As a side mark: Rank selection is often used if the fitness, in your case the score, is very similar for different individuals. This will increase the probabilities for ones with higher scores to be selected. That might be useful in your case.

Cheers,
Simon

smuskal · May 7, 2020, 9:28pm

Thank you again. I am now investigating exponential ranking in the GA selection strategy, and then linear ranking.
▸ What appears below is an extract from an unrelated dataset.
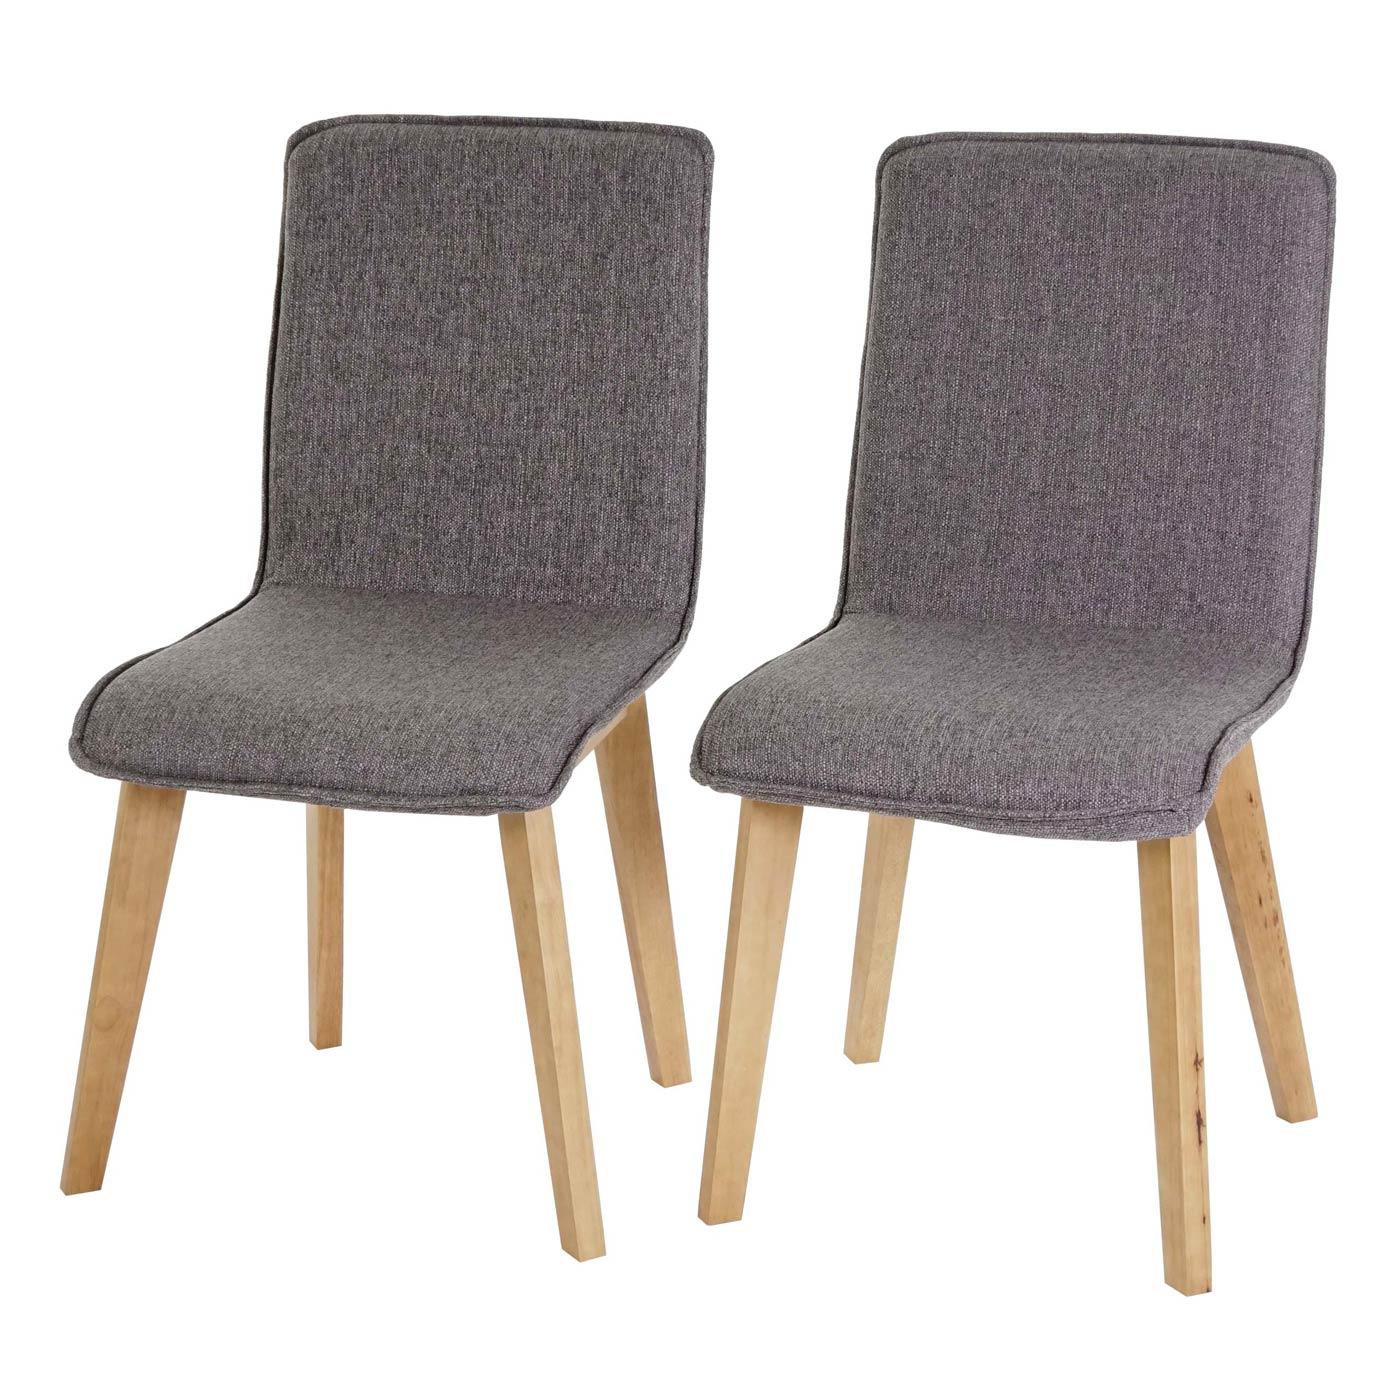 2x esszimmerstuhl zadar stuhl lehnstuhl retro 50er jahre design textil ebay. Black Bedroom Furniture Sets. Home Design Ideas
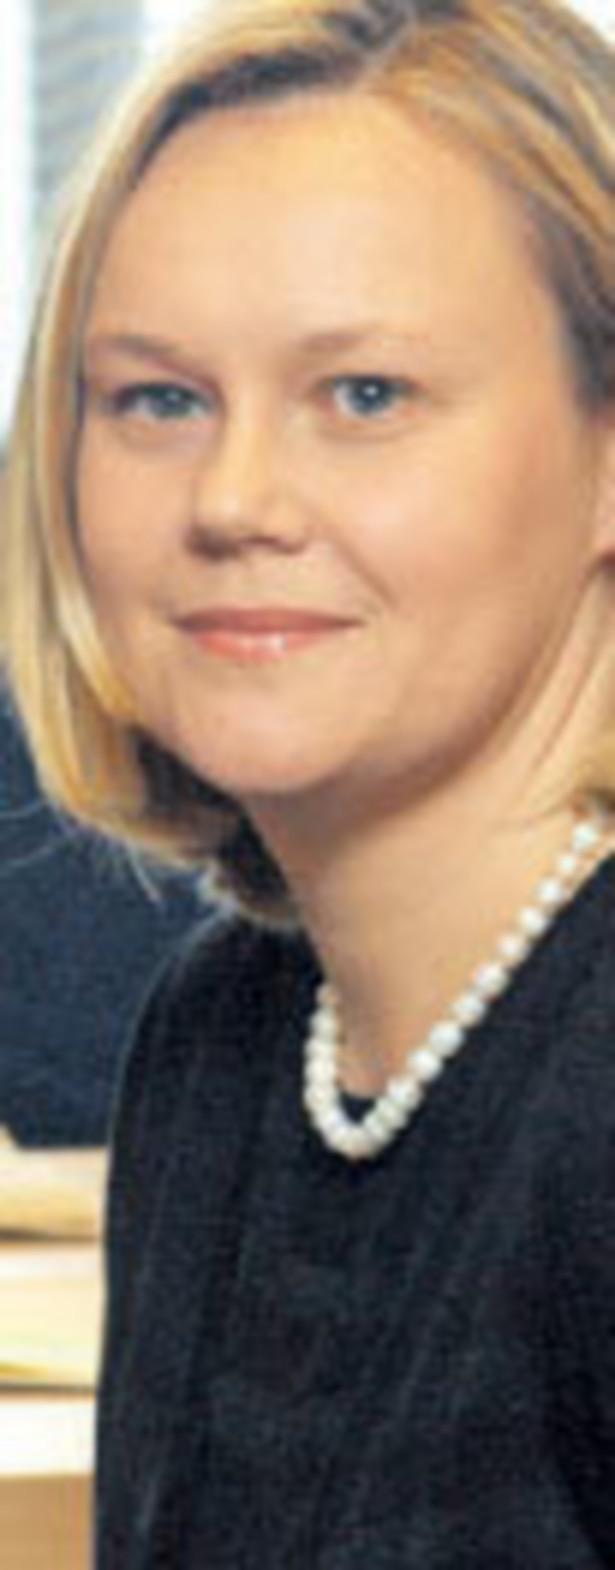 Anna Łukaszewicz-Obierska, radca prawny, partner w WKB Wierciński, Kwieciński, Baehr

Still running the first population, so will probably not know if the total feature count varies for a couple iterations. I am not optimistic that the gene sizes will be changing that dramatically though. I think there is a fundamental constraint somewhere that is keeping the gene lengths roughly similar.

system · November 6, 2020, 9:42am

This topic was automatically closed 182 days after the last reply. New replies are no longer allowed.